Scientist II

The Scientist II helps advance LGC CDx’s purpose of understanding disease by supporting the research and development of new precision diagnostic products. Support includes independently performing routine and non-routine applications of cellular/molecular biology technology to quantify and manipulate genetic material.

Assist in leading the R&D Teams to promote a high performance, innovative culture.

Mentor junior scientists within R&D and other departments to promote their independence, problem solving skills and technical expertise.

Develop reference materials for clinical diagnostics. Understanding how our customers’ assays work is a critical part of this process. This requires reading and assessing product literature and scientific research articles.

Manage and mentor research technicians within the R&D team and mentor others outside of the department.

Perform general molecular techniques such as nucleic acid purification, gel-electrophoresis, RNA transcription, cell culture, and bacterial culture.

Perform nucleic acid analysis (RNA/DNA integrity analysis, real time qPCR, digital PCR) and analyze results.

Design new biosynthetic constructs or primers/probes for use in new products.

Develop processes for manufacture and testing of new products. Draft SOPs for new processes and perform method validations as appropriate.

Plan and execute experiments and tasks as assigned according to the timelines and ensure documentation meets GLP/GMP requirements.

Culture cells using aseptic techniques. Introduce nucleic acids into cultured cells.

Organize projects and data using Excel, Word, PowerPoint and a document control system (EtQ).

Record test results and data records, seek appropriate approval and file according to established procedures.

Maintain, calibrate, and operate equipment according to established protocols. Monitor equipment for appropriate operation within set parameters and investigate abnormal results.

Plan for raw material requirements by maintaining appropriate inventory of reagents and ordering reagents as needed through an ERP system (SAP).
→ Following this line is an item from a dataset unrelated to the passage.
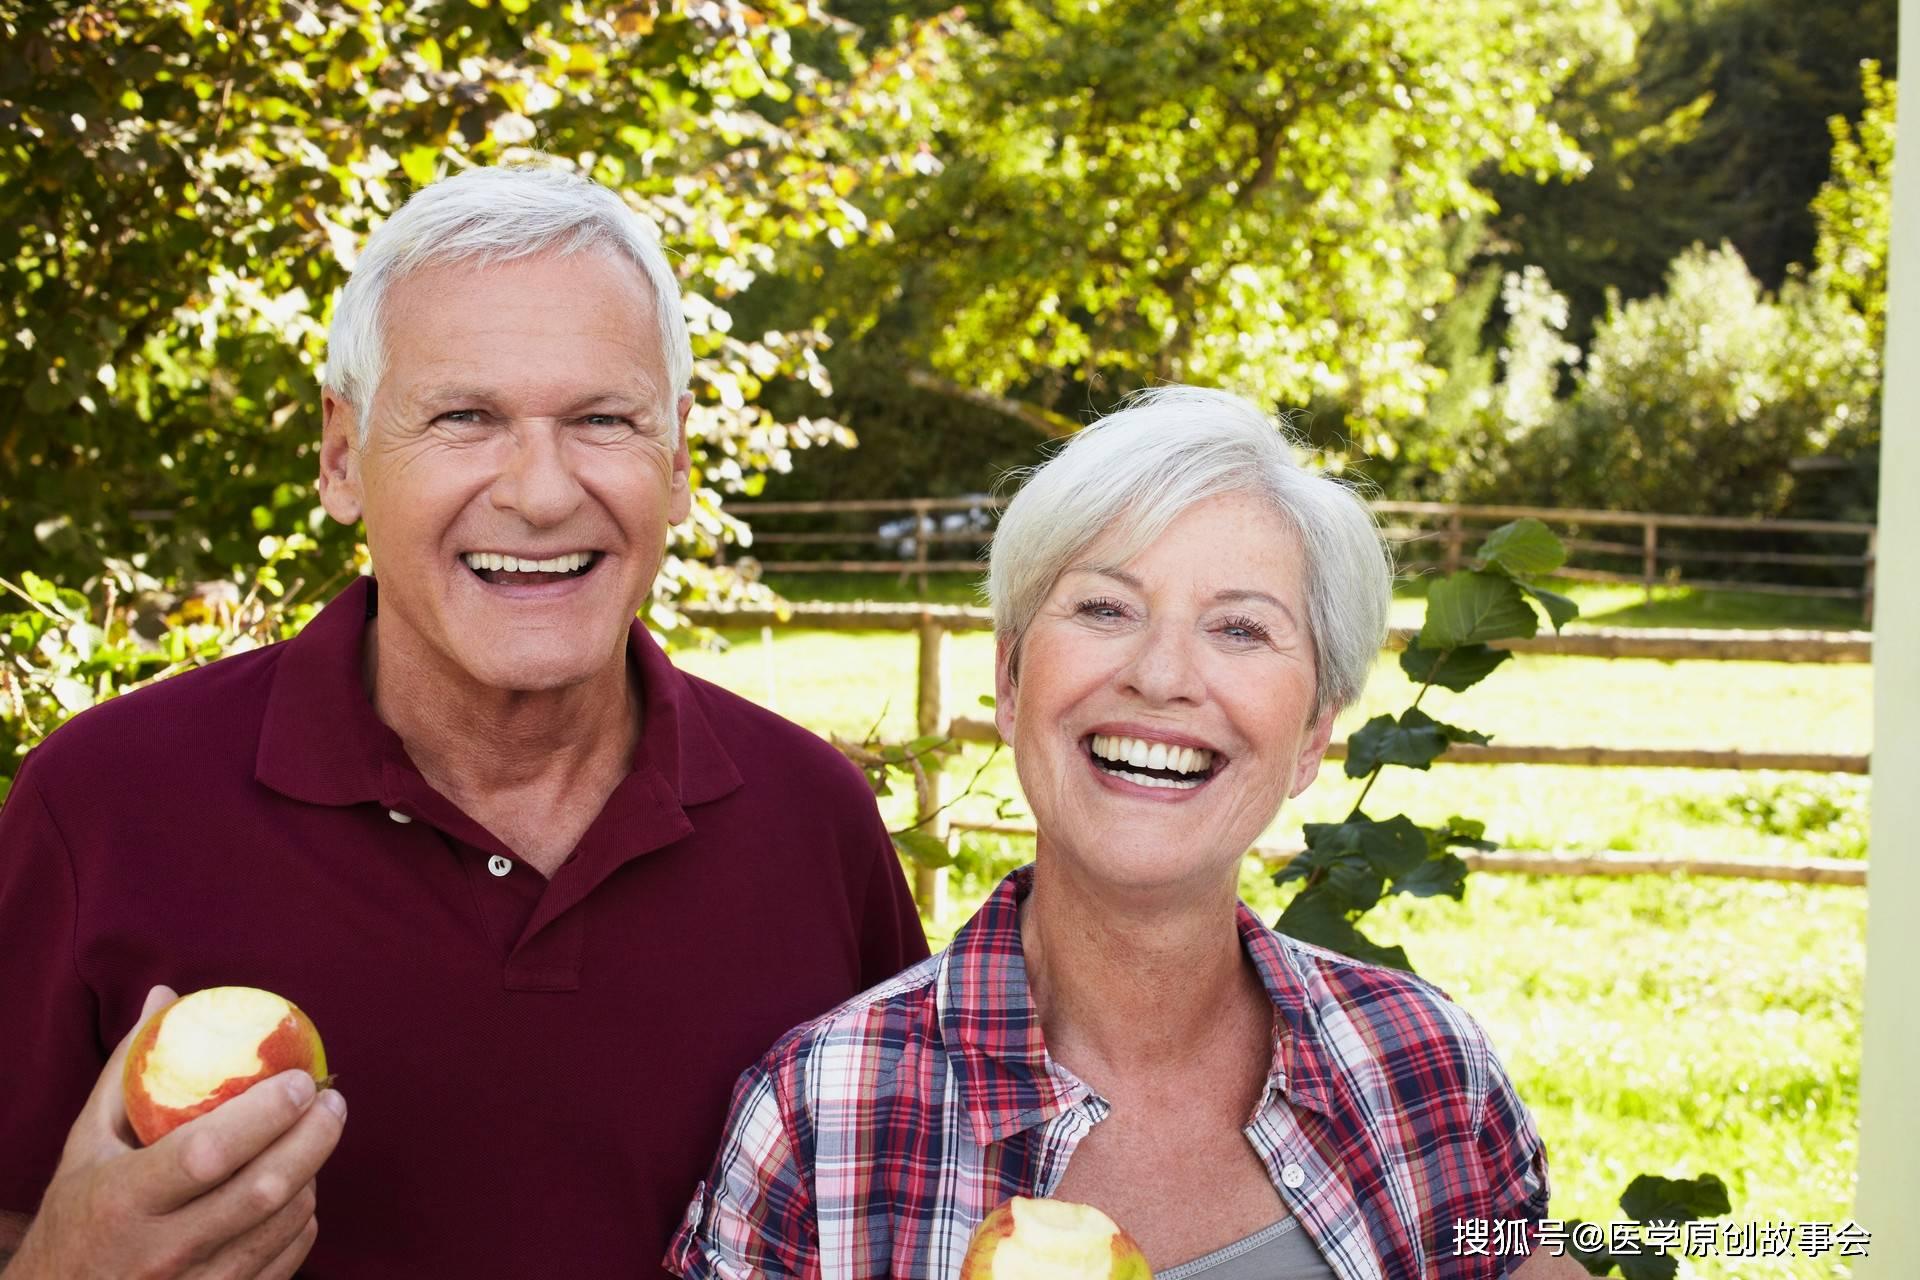 远离糖尿病,吃饭两不要,晨起两坚持,恭喜你,你的血糖会更好

Maintain a clean and safe lab environment.

Maintain accurate records in laboratory notebooks.

Transfer designs to other individuals and groups in R&D and manufacturing, including training and writing standard operating procedures (SOPs) and design history records (DHRs).

As necessary, validate new equipment, and ensuring that equipment is operating properly.

Initiate and perform process improvement studies and update SOPs as required.

Work in collaboration with the Quality Assurance group to fulfil Quality Management Goals and proactively address problems under an ISO quality system.

Evaluate alternative reagents, develop purchasing specifications and plan for project raw material requirements by maintaining appropriate inventory of reagents.